- **Stored data**:
------------------------------

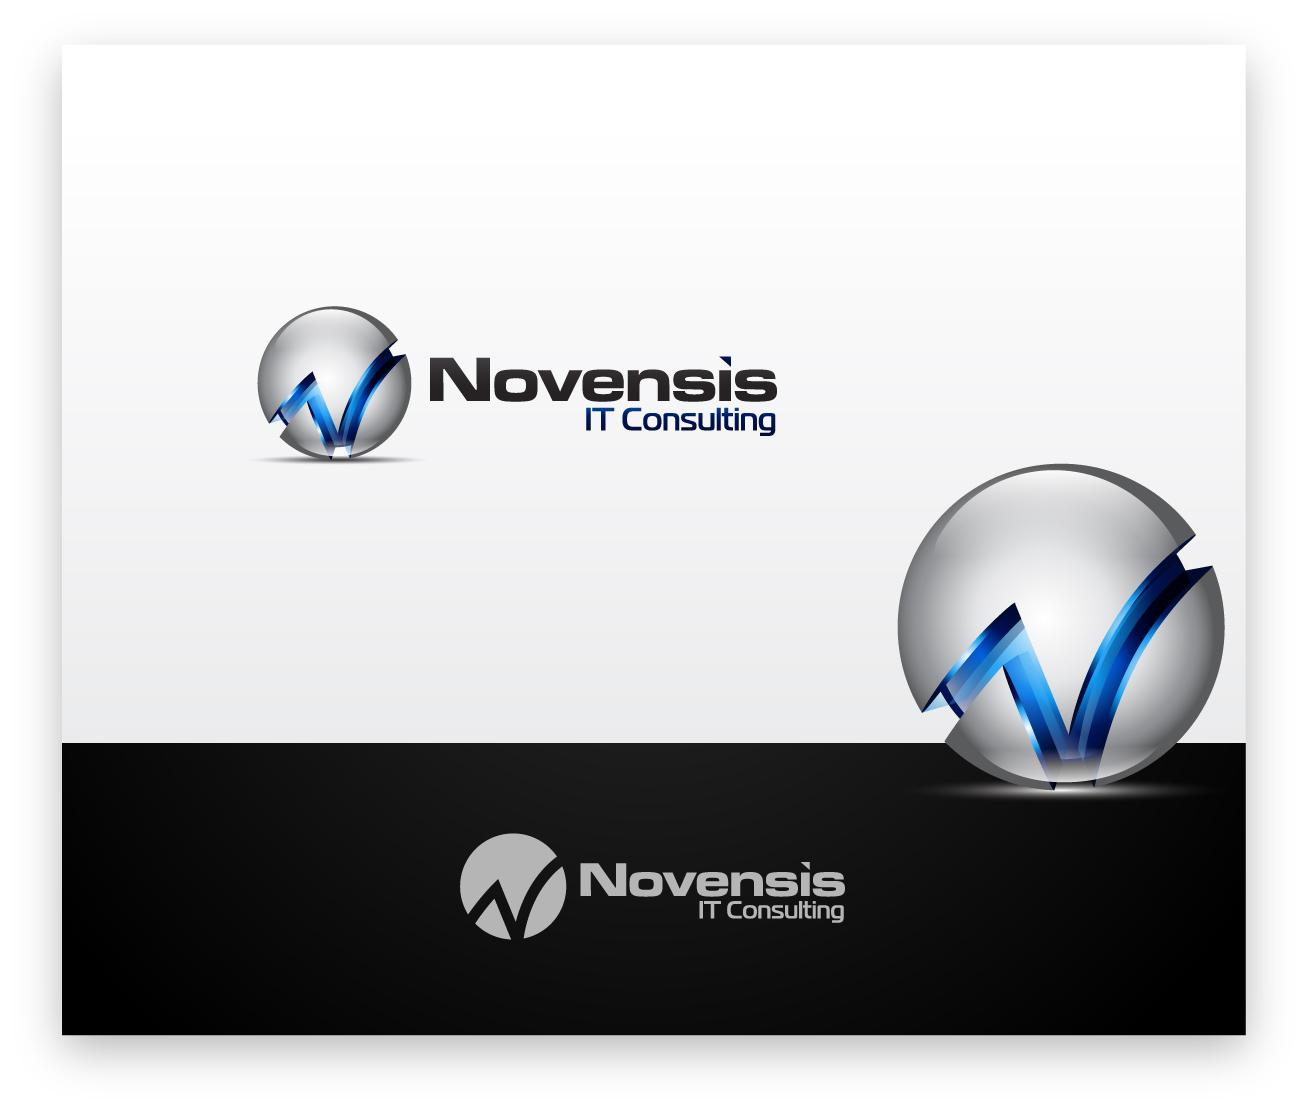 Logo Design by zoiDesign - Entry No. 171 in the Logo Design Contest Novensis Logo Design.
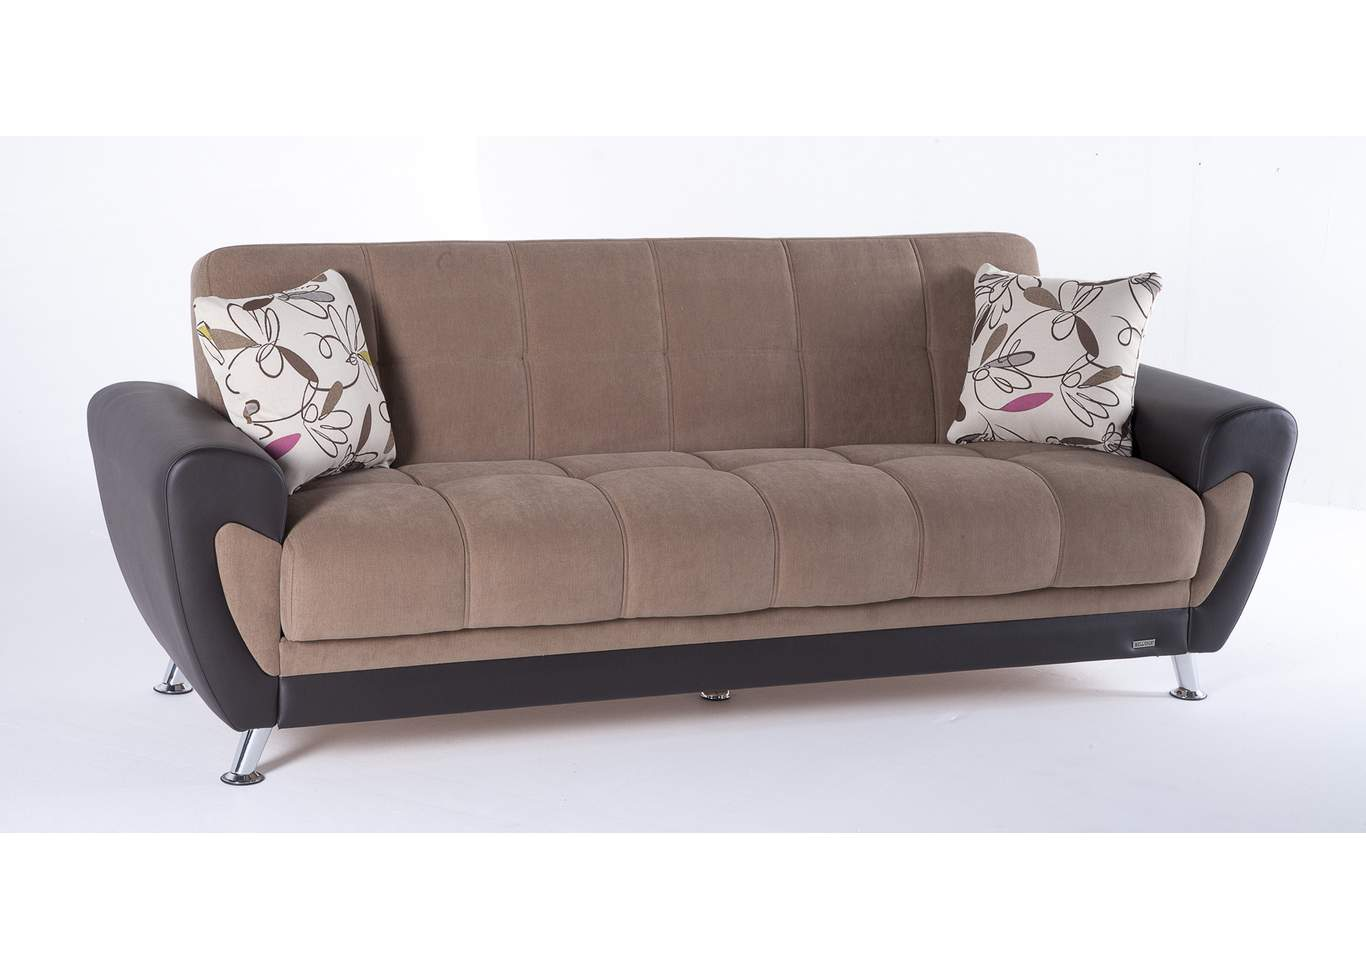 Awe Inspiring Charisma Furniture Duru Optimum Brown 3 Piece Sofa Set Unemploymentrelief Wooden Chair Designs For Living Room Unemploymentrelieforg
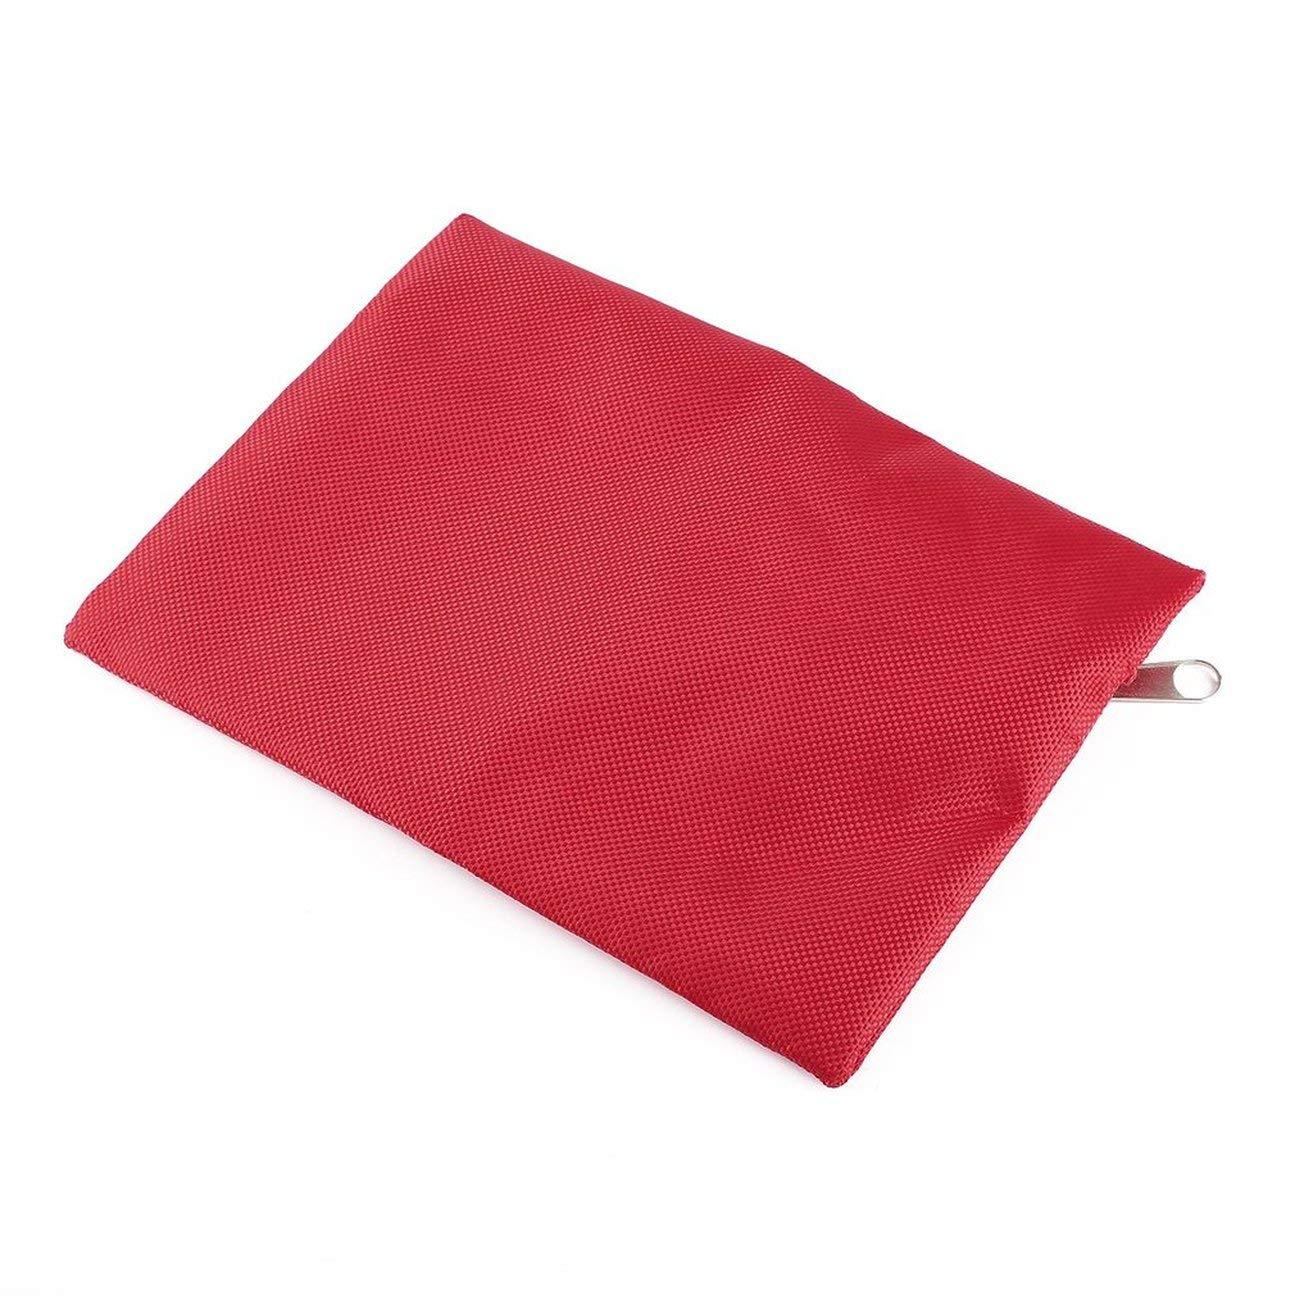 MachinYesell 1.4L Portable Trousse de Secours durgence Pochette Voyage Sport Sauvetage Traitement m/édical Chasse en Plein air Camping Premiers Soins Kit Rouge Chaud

------------------------------

- **Work request**:
Exactly the lines from the top of the listing through the line holding "Awe Inspiring Charisma" should be repeated, with pictures left out.

- **Expected answer**:
 Logo Design by zoiDesign - Entry No. 171 in the Logo Design Contest Novensis Logo Design.
 Awe Inspiring Charisma Furniture Duru Optimum Brown 3 Piece Sofa Set Unemploymentrelief Wooden Chair Designs For Living Room Unemploymentrelieforg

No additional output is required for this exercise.